Customizing Code Execution

  • You can control how code is executed and displayed using chunk options
  • Options are added at the top of the chunk with #|

Common Options

Option Effect
eval: false Code is not run (no results generated). Useful for examples.
include: false Code runs, but code AND results are hidden. Good for setup chunks.
echo: false Code is hidden, but results are shown. Great for reports for non-coders.
message: false Hides messages (like when loading packages).
warning: false Hides warnings.

Inline Code

  • You can embed code directly into your text
  • Syntax: `r code`
  • Useful for reporting results dynamically
  • Example:
    • Source: We have `r nrow(diamonds)` diamonds.
    • Output: “We have 53940 diamonds.”

Output Formats

Documents

  • HTML (format: html): The default. Great for interactivity.
  • PDF (format: pdf): Requires a LaTeX installation.

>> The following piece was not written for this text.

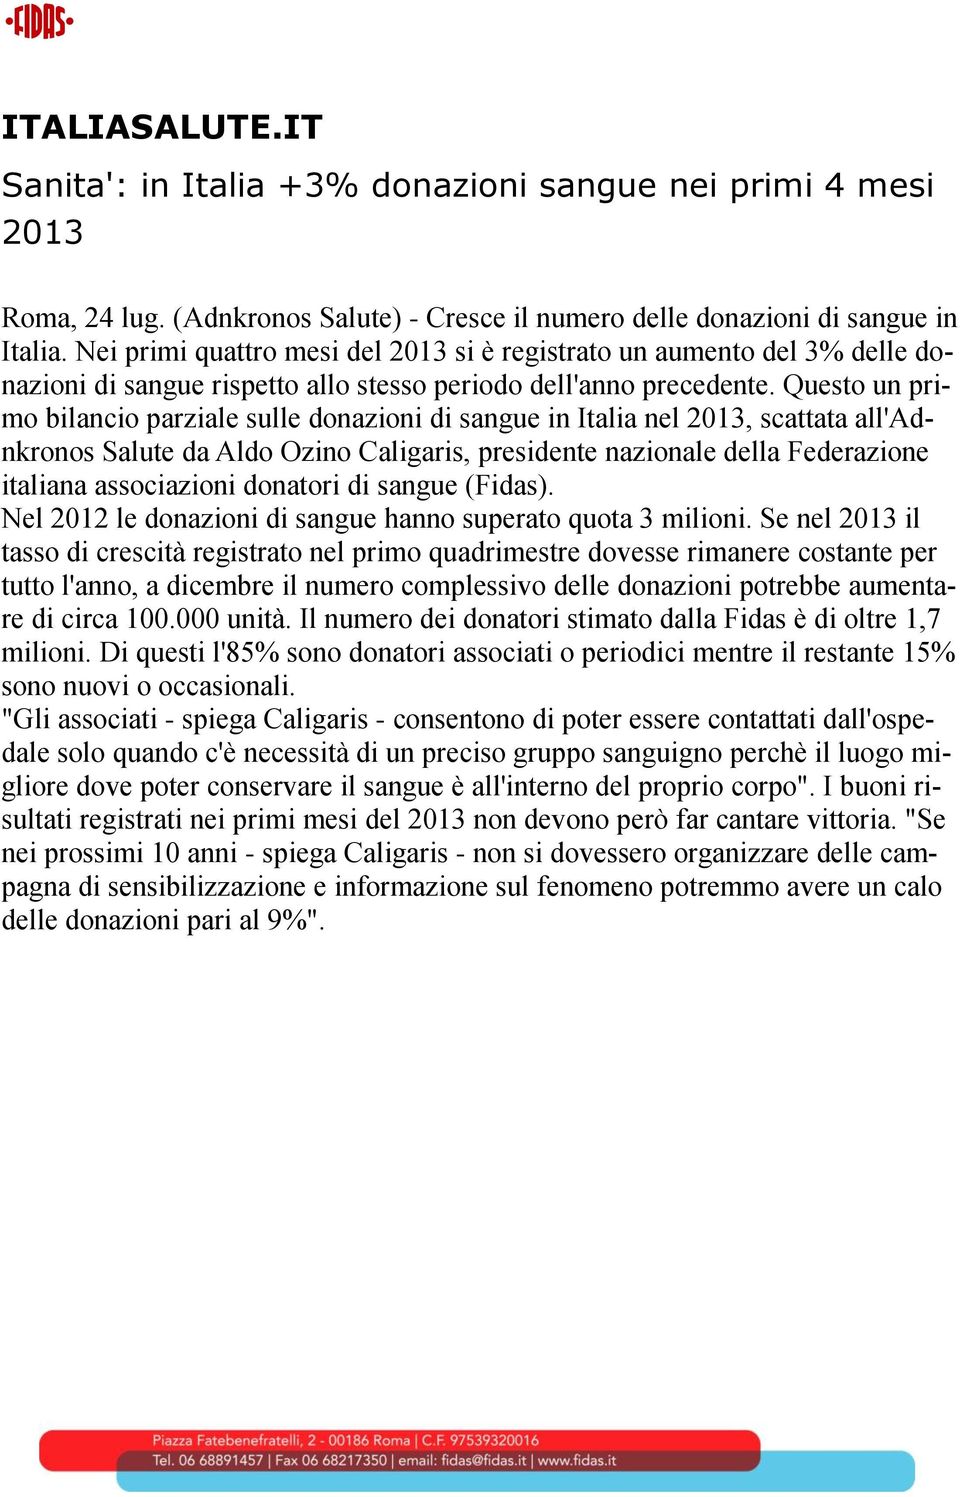 Questo un primo bilancio parziale sulle donazioni di sangue in Italia nel 2013, scattata all'adnkronos Salute da Aldo Ozino Caligaris, presidente nazionale della Federazione italiana associazioni

Professional look.
  • Word (format: docx): Useful for collaborating with non-data scientists.

Presentations

  • Quarto makes creating slides easy!

  • revealjs (format: revealjs): HTML presentations (code, interactivity).

  • PowerPoint (format: pptx): Standard office slides.

  • Beamer (format: beamer): PDF slides using LaTeX.

Slide Structure

  • ## (Level 2 header) starts a new slide
  • # (Level 1 header) starts a new section (title slide)

Rendering

  • To create your output file, you need to Render the .qmd file
  • In Positron:
    • Click the Preview button (often an icon) or Render using the Render command
    • Or run quarto preview in the terminal to see live updates
  • This executes all code and converts the markdown to your target format

Summary

  • Quarto is a powerful tool for combining code and prose.
  • Use YAML for settings, Markdown for text, and Chunks for code.
  • Customize chunks with options like echo, eval, and message.
  • Render to many formats: HTML, PDF, Slides.
  • Check the Quarto Documentation for more advanced features.

Jupyter Notebooks

What is Jupyter?

  • An open-source web application that allows you to create and share documents that contain live code, equations, visualizations, and narrative text.
  • Supports many programming languages, including Python, R, and Julia.
  • Widely used in data science, machine learning, and scientific computing.
  • Consists of notebooks that are organized into cells.
  • Each cell can contain either code or markdown text.
  • Notebooks can be run interactively, allowing you to see results immediately.

Jupyter vs. Quarto

  • Both are tools for combining code and prose.
  • Jupyter is more interactive and web-based, while Quarto is more document-focused.
  • Jupyter is great for exploratory data analysis, while Quarto is better for creating polished reports and presentations.
  • Quarto supports multiple output formats, while Jupyter primarily focuses on notebooks.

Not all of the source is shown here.